LANSING, Mich. — Why is overwatering so detrimental to plant health?
Healthy roots are the foundation for healthy plants. Once it has grown a substantial root system the plant starts putting its energy in growing a larger plant and more flowers. Roots are important to a plant because they are its primary source of water and food and are also important for the uptake of oxygen. The roots of the plant take up water but they also need air to breathe.

Over-watering, in simple terms, drowns your plant. Soil that is constantly wet won't have enough air pockets and the roots can't breathe.

CPR for Overwatered Plants

  • Move the plant to a shady area, even if it is a full sun plant. Once the roots are healthy move the sun plants back to a sunny location.
  • Be sure the pot is draining. If no drainage holes exist add some or re-pot the plant into a pot with drainage holes. Do not allow the pot to sit in water, this will keep the soil too wet.
  • If possible, create additional air spaces around the root ball. One way of doing this is to slowly tilt the pot to its side and then gently tap the container, the soil ball should now be loose within the container. Carefully re-stand the pot up when completed there should be small air pockets between the pot wall and around the soil ball.
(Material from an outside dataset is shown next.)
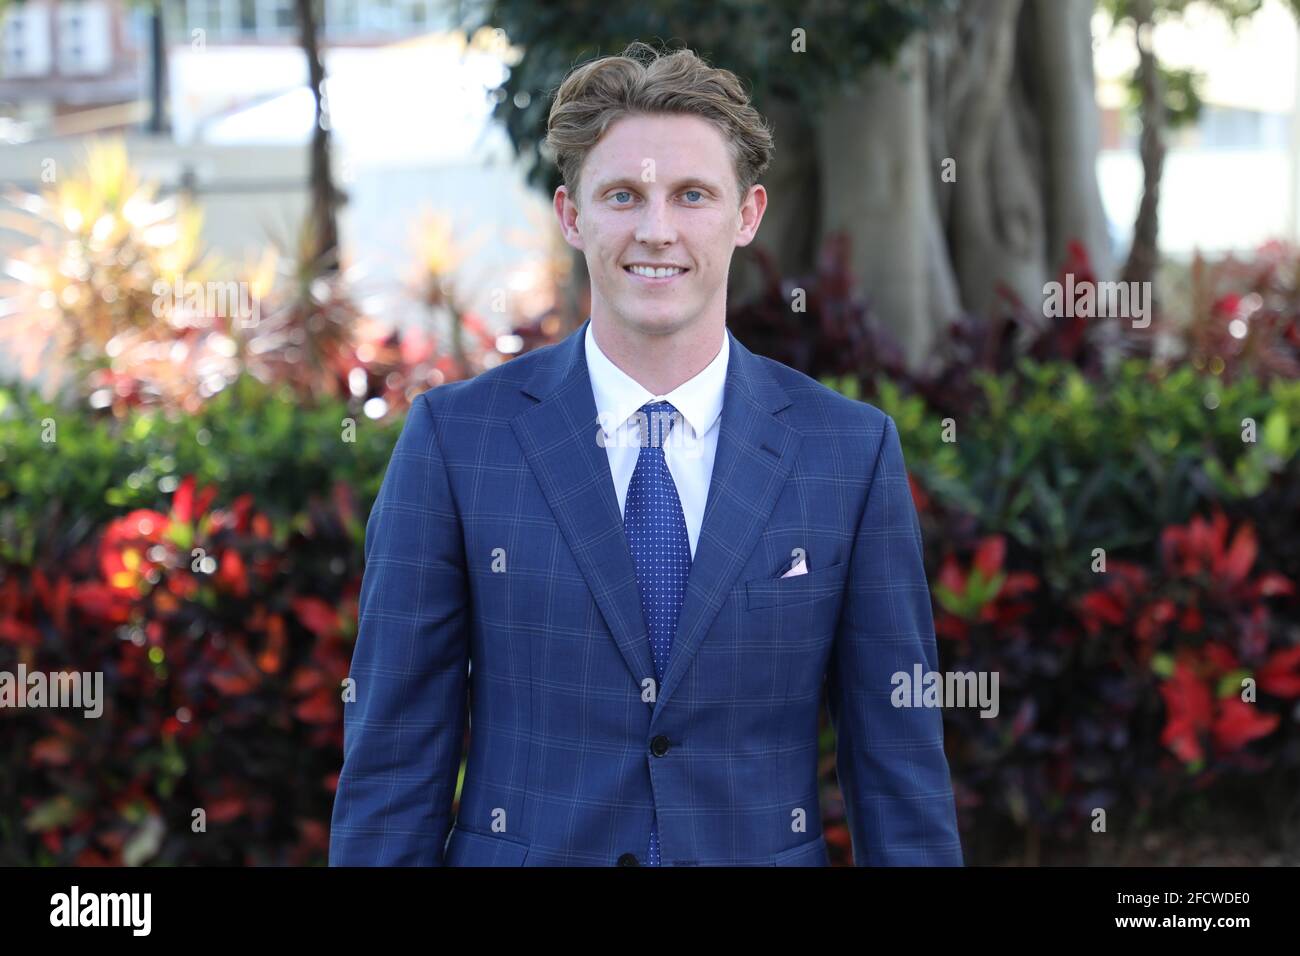 Sydney, Australia. 24th April 2021. Lachie Whitfield, GWS Giants AFL Player attends the final event of the Sydney Autumn Racing Carnival - Schweppes All Aged Stakes Day at Royal Randwick racecourse. Credit: Richard Milnes/Alamy Live News Stock Photo

This will allow the soil to dry quicker and at the same time bring oxygen to the root zone.
  • If the plant isn't too large, re-pot into a different pot. Be sure to add new soil. This will give the roots nice, clean soil to grow into.
  • Begin watering only when the surface of the soil is dry to the touch. Do not allow the plant to get extremely dry, this additional shock could be enough to kill the plant. If the plant is wilting badly, you can mist or syringe the plant's foliage with water which will prevent too much leaf scorch. Do not fertilize until the plant returns to its normal condition. Treating with a broad-spectrum fungicide can be helpful.
  • Even if you take all of these steps there is no guarantee that your plant will bounce back. It partially depends on how badly the roots have been damaged. If you have a tendency to kill a plant with kindness and are composting more than survive, you might look at changing your soil mix to a lighter, fluffier soil. Make sure you have plenty of drainage holes in your containers. If you tend to keep plants on the wet side you might want to steer clear of plants that are more prone to problems from over-watering.